Am 9. Februar wurde Ksenia Martinovich, Tochter der Aktivistin Alla Martinovich, in Mozyr verhaftet. Die Tochter war aus der Ukraine angereist, um die Wohnung ihrer Mutter zu besuchen.
Am 18. Februar wurden in Minsk die Verwandten der Aktivistin und ehemaligen Studentin der Akademie der Künste Polina Burko von bewaffneten Ordnungskräften aufgesucht. Polina befindet sich jetzt außerhalb von Belarus. Nach der Durchsuchung nahmen die KGB-Beamten ihre Mutter, die 45-jährige Alena Burko, fest und sperrten sie für 12 Tage ein.

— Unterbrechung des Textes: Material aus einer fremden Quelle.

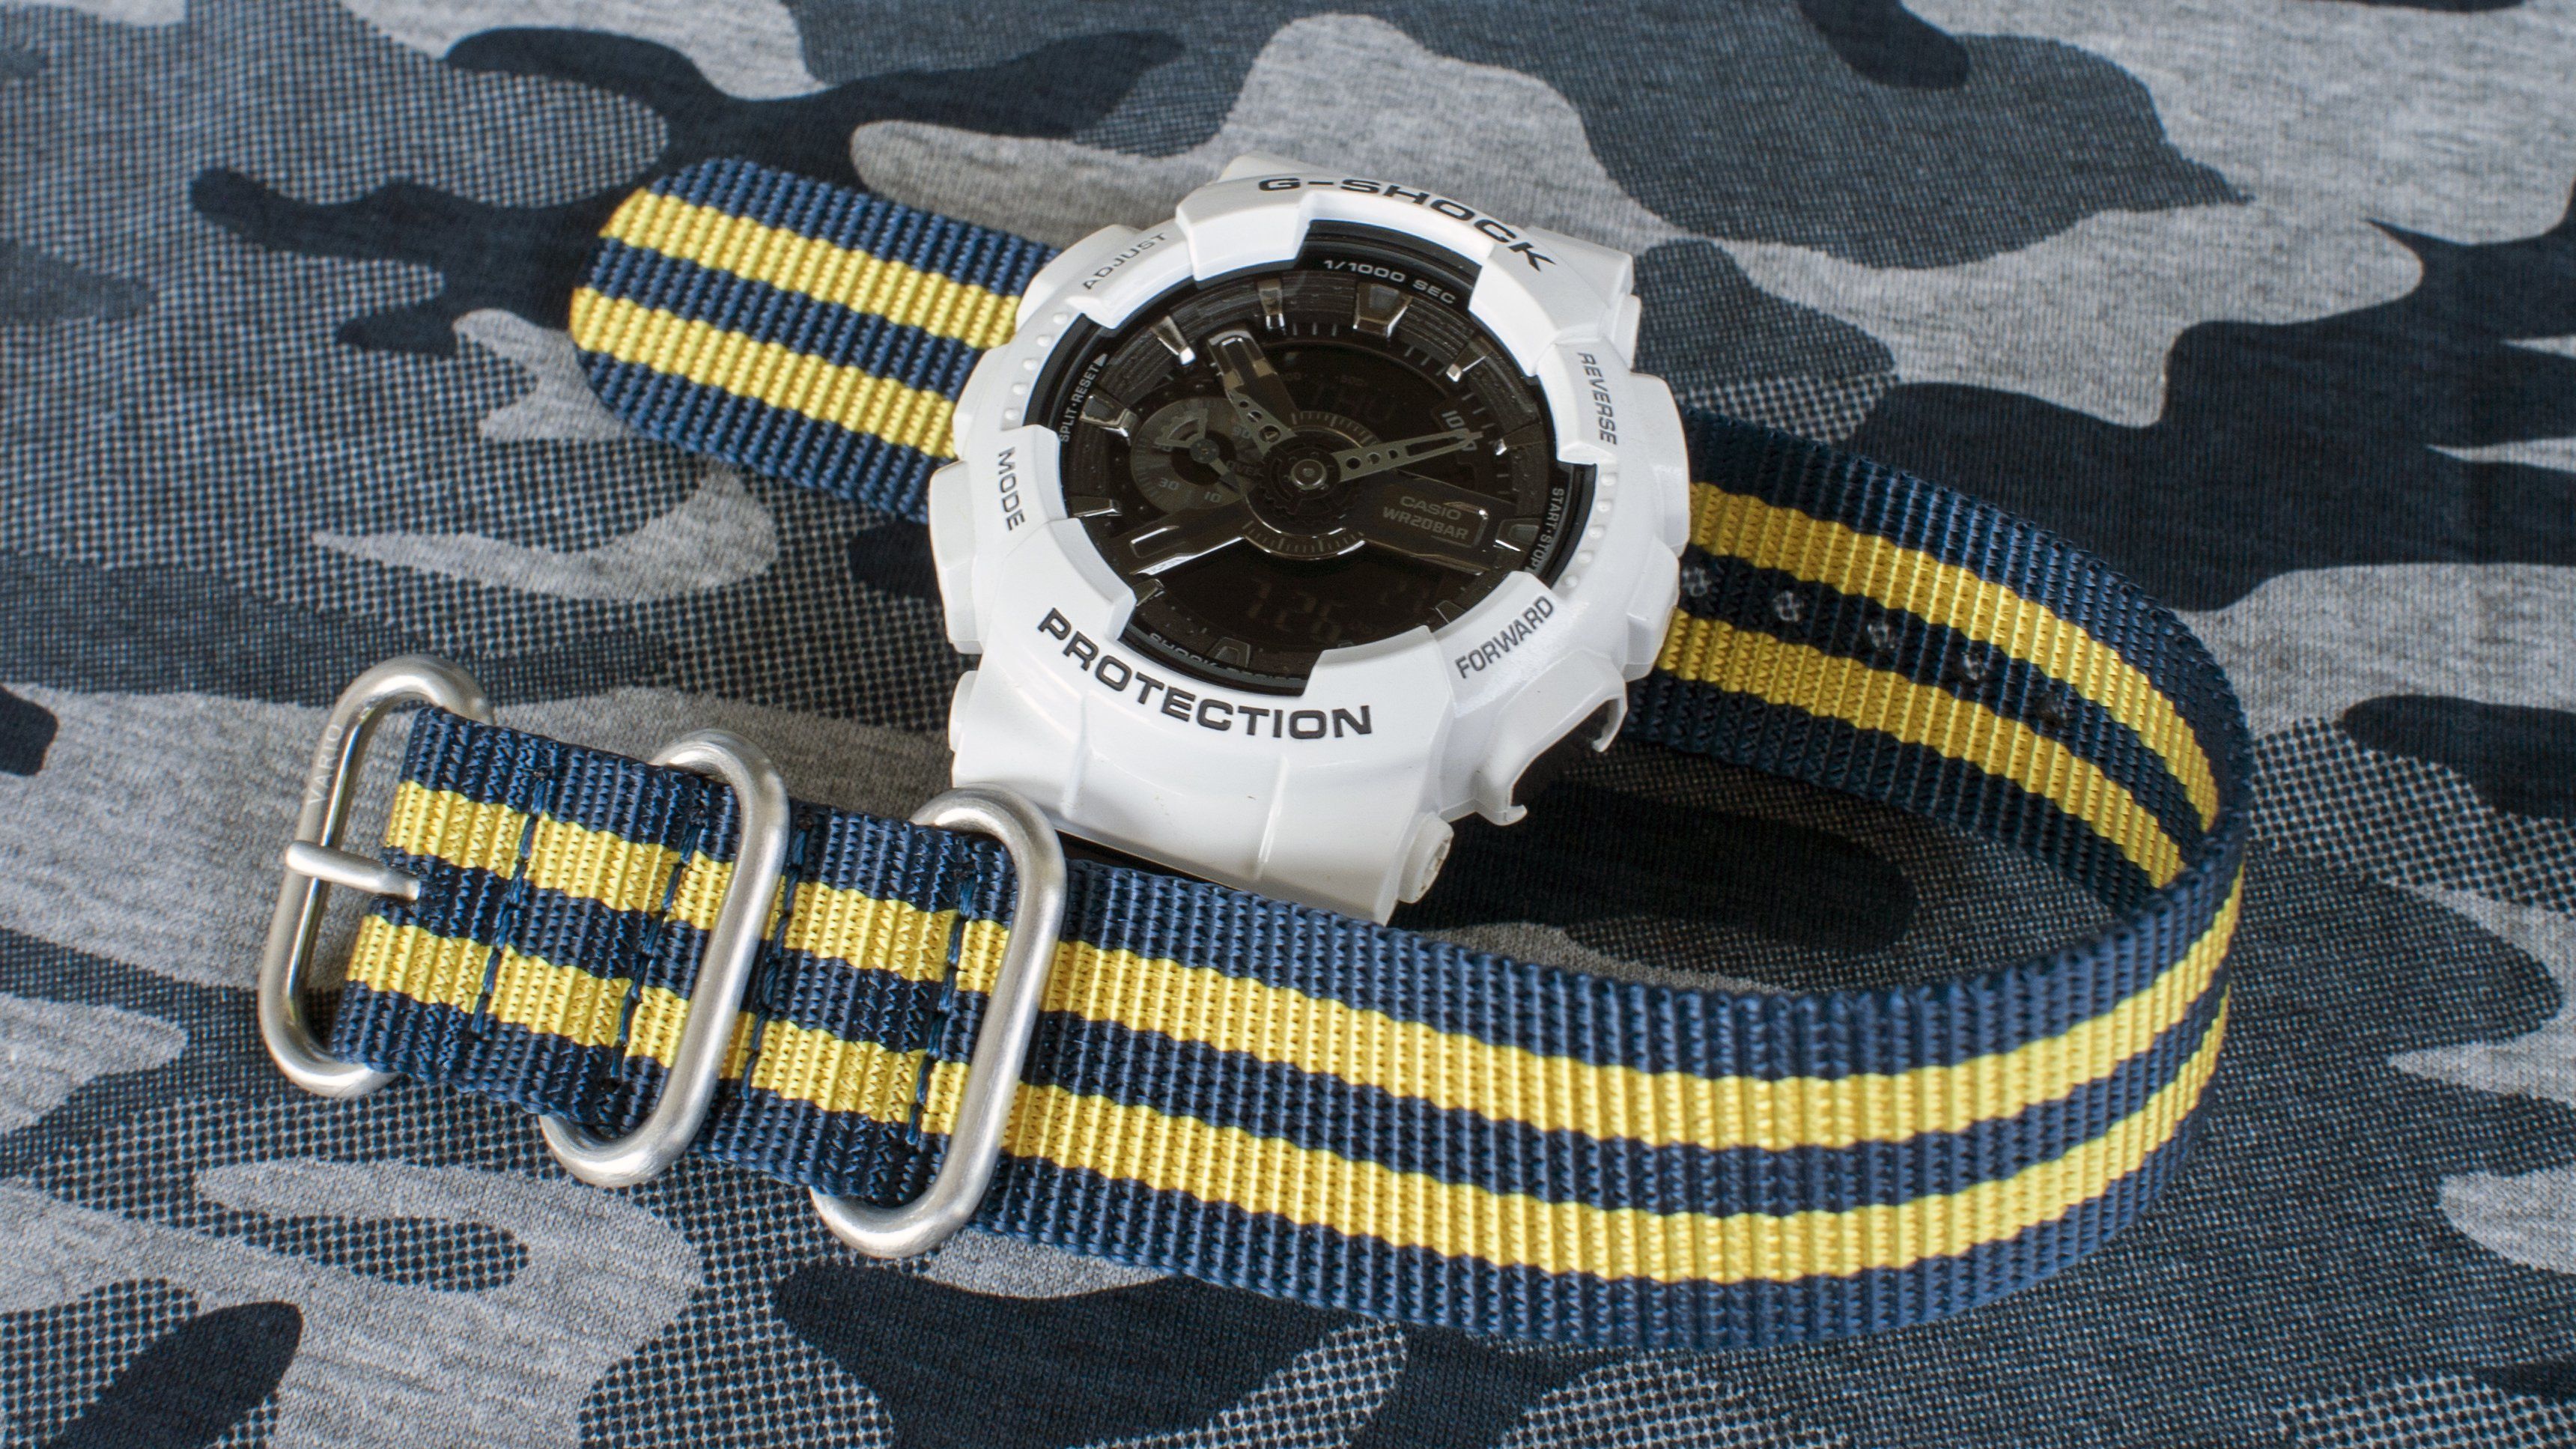 ga110 with vario ballistic nylon blue yellow stripe watch strap

Am 6. Juni 2022, nach dem Prozess gegen den politischen Gefangenen Alexej Iwanisow, näherte sich eine unbekannte Frau der Mutter von Alexej, Natalia Iwanisowa, und rief: „Geschieht ihnen recht! Das reicht nicht! Wir müssen sie noch mehr einsperren. Jeder leidet wegen Leuten wie deinen Verwandten. Und fast hätte der Krieg wegen ihnen begonnen“. Natallia Ivanisova, die solche Worte über ihren Sohn hörte, konnte sich nicht zurückhalten und sprach nur ein Wort aus: „Scheiße“. Die Frau wurde wegen einer Ordnungswidrigkeit angeklagt (Artikel 10.2 Teil 1 des Gesetzes über Ordnungswidrigkeiten).
Jahr 2022 Das Bezirksgericht von Rodna Leninski verhandelte die Strafsache gegen Swiatlana Jermalowa, die beschuldigt wird, den Offizier der Minsker Bereitschaftspolizei Fiodarau gemäß Artikel 369 des Strafgesetzbuches (Beleidigung eines Vertreters der Macht) beleidigt zu haben.
Anastasia Emelianova spricht von Bedrohungen durch die Sicherheitskräfte, weil sie sich aktiv für ihren Sohn einsetzt, Informationen veröffentlicht und Briefe an andere Gefangene schreibt.